Anyway, here’s one of the students’ facts, from page 132:

“You can divide infinity an infinite number of times, and the resulting pieces will still be infinitely large,” Uresh said in his odd Lenatti accent. “But if you divide a non-infinite number an infinite number of times, the resulting pieces are non-infinitely small. Since they are non-infinitely small, but there are an infinite number of them, if you add them back together, their sum is infinite. This implies any number is, in fact, infinite.”

“Wow,” Elodin said after a long pause.

Um… what? Elodin shouldn’t be impressed by such foolish logic! It sounds like a middle-schooler who just discovered the concept of infinity. Infinity is not a number, you cannot do math with it. There’s no such thing as “an infinite number.” Fool! Elodin should reprimand him!

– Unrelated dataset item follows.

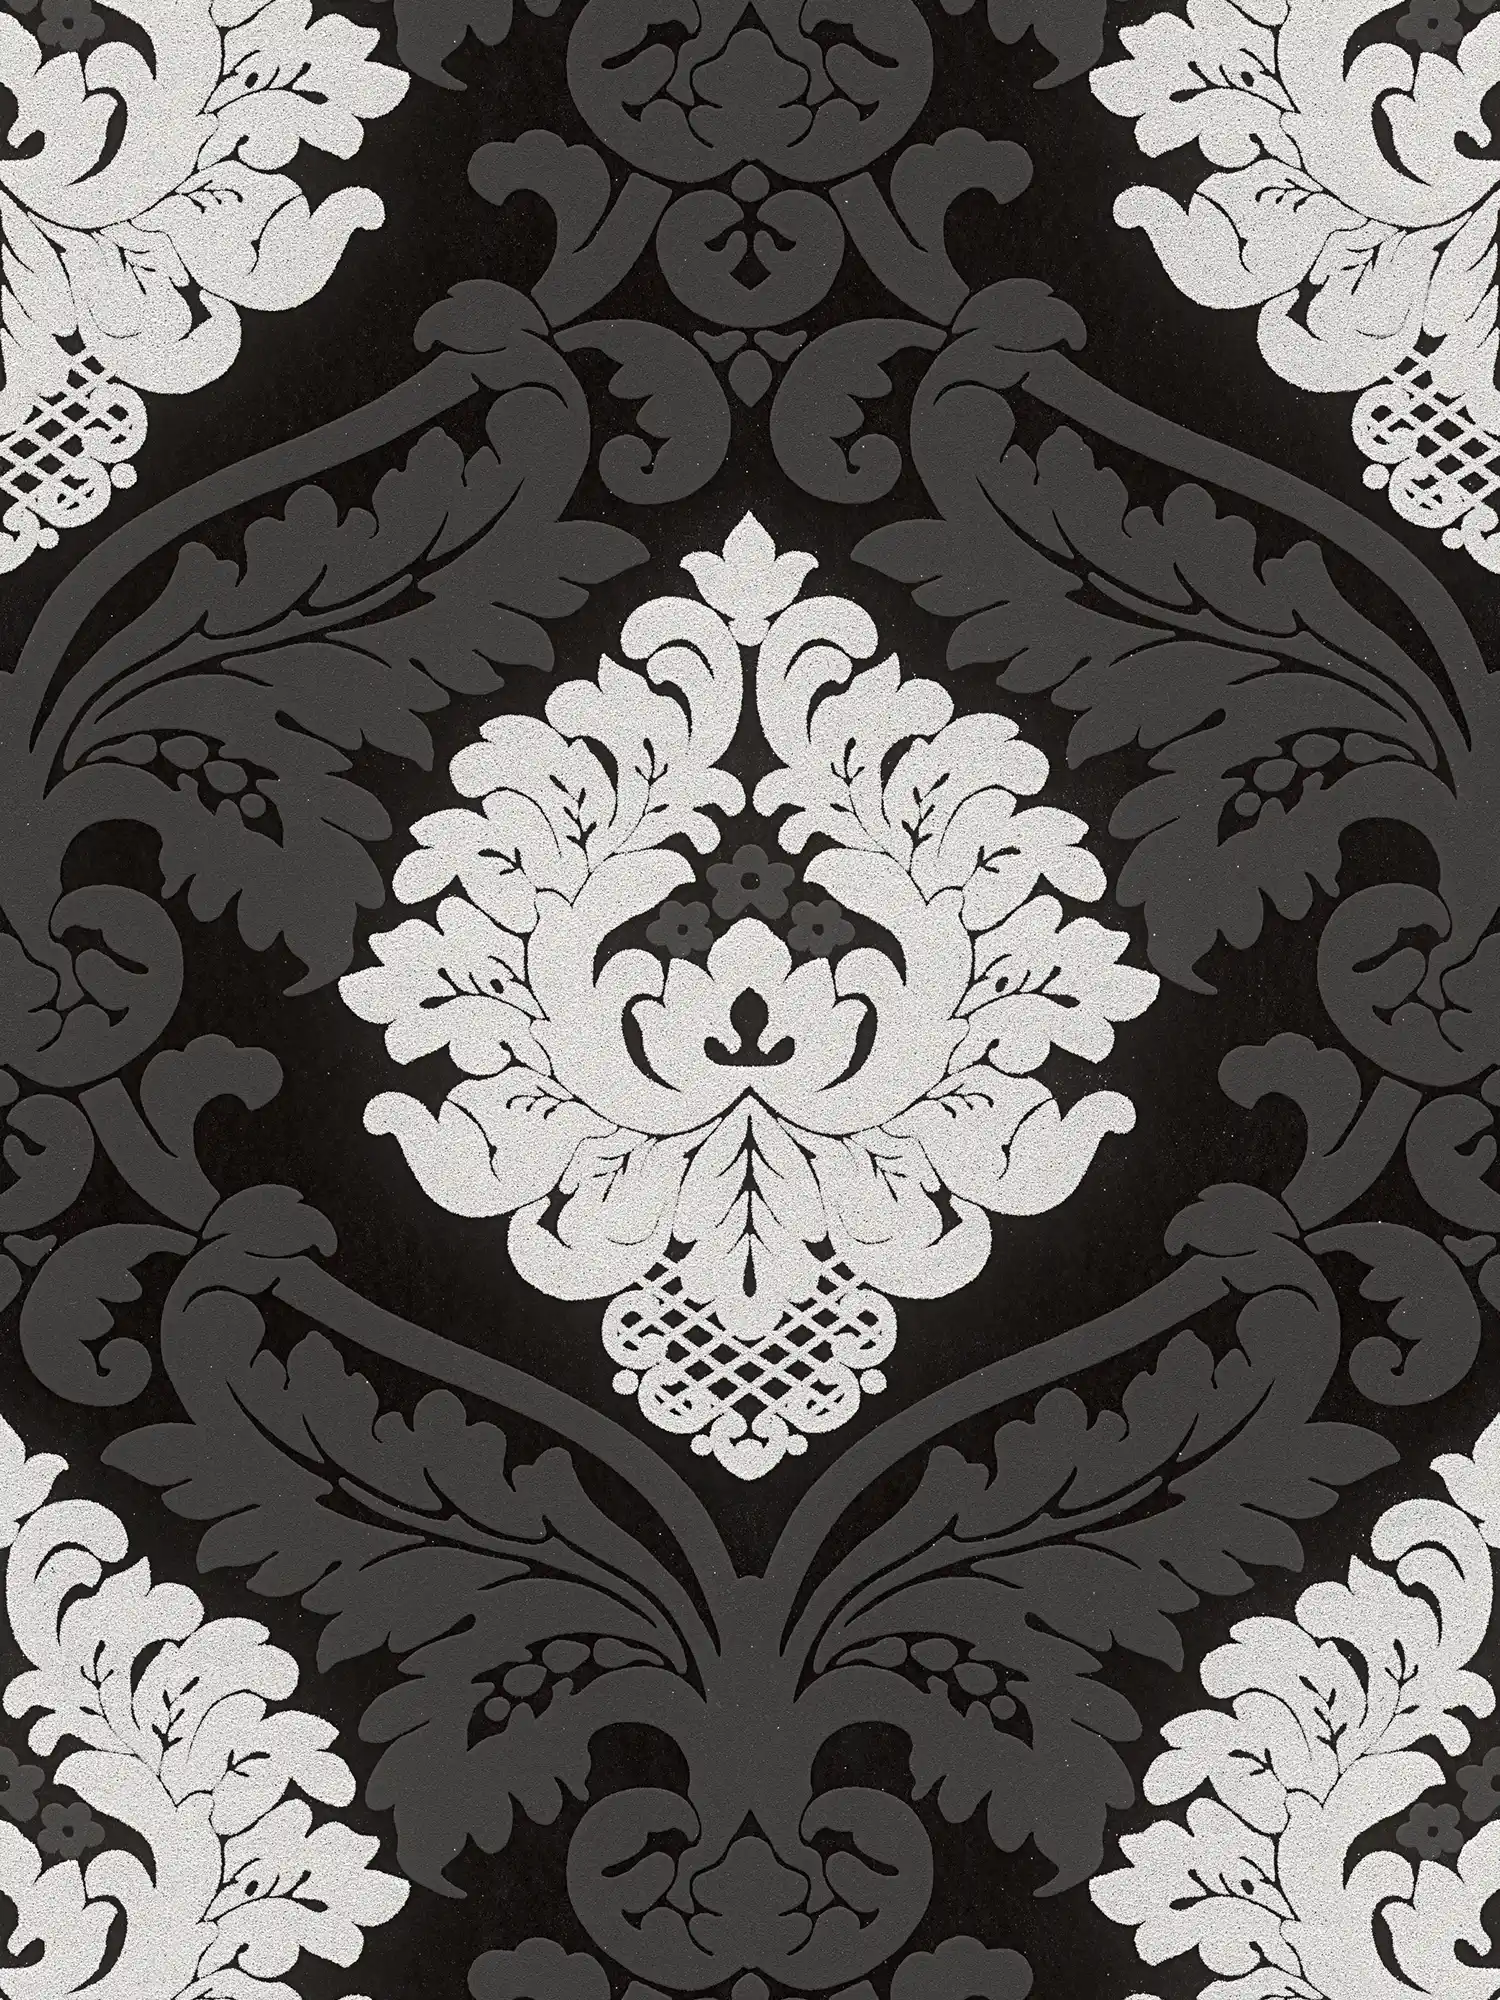 Ornamenteel behang glitter effect & 3D effect - zwart, zilver, wit
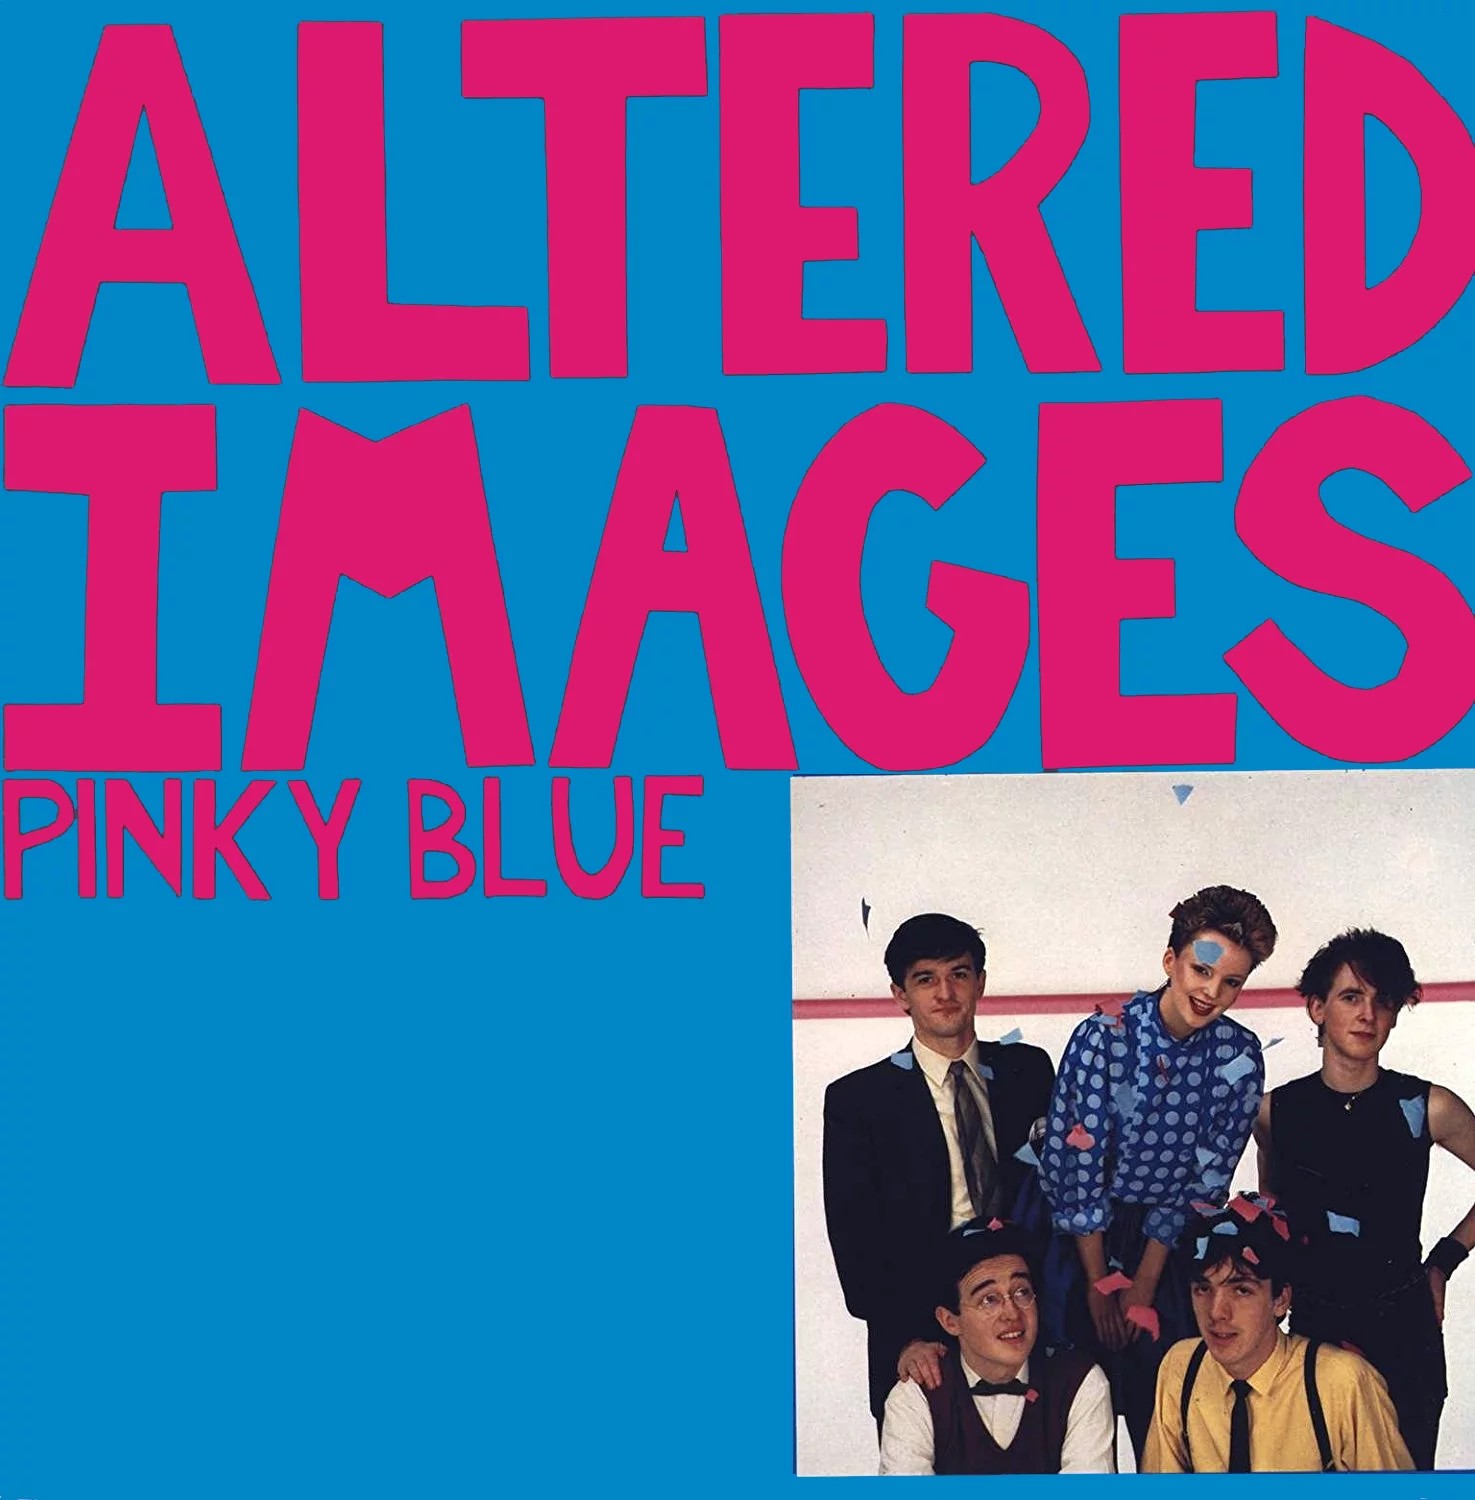 Altered Images ‘Pinky Blue’ album artwork

Later on, some characters are trying to explain to another character how the novel’s magic system works (a certain magic called “sympathy”), on page 148:

“Heat, light, and motion are all just energy,” I said. “We can’t create energy or make it disappear. But sympathy lets us move it around or change if from one type into another.”

Is motion really energy? Doesn’t he mean acceleration? I guess you could still say something in motion has kinetic energy, but that implies that it was accelerated at some point. Perhaps, since we live in a frictionful gravity world, motion and acceleration can be thought to be same, since if you’re not constantly accelerating, friction due to gravity will bring you to a stop. Anyway, this magic system seems to obey the first law of thermodynamics; good enough for me.

But then…

“I can see how heat and light are related,” [Denna] said thoughtfully. “The sun is bright and warm. Same with a candle.” She frowned. “But motion doesn’t fit into it. A fire can’t push something.”

“Think about friction,” Sim chimed in. “When you rub something it gets hot.”

[Kvothe talking:] “It’s a good example. The hub of a wagon wheel will be warm to the touch. That heat comes from the motion of the wheel. A sympathist can make the energe go the other way, from heat into motion.”

So a sympathist can basically break the second law of thermodynamics? That’s fine, I don’t quite believe in it anyway. But… why explain the relationship between heat and motion with friction? The heat from friction isn’t really directly caused by motion, it’s caused by countless atomic collisions from opposing electromagnetic forces. (You’re not going to get much heat from static friction, are you?) I would explain heat and motion more thermodynamically: heat is motion, the non-uniform motion of countless particles. Of course the heat from a fire can push something, it’s just hard (if not thermodynamically impossible) to get enough energy directed at something specific to make that possible, so we tend to use it’s energy more indirectly, like using it to create steam, or taking advantage of the potential difference in density between the heated material and the surroundings (like the heated air in hot air balloons).

Then again, I’m not a scientist… and on page 149 a character says:

“There’s a special kind of thinking called Alar,” Wilem said. “You believe something so strongly that it becomes so.”

So I can’t be too picky. All is fair in fiction.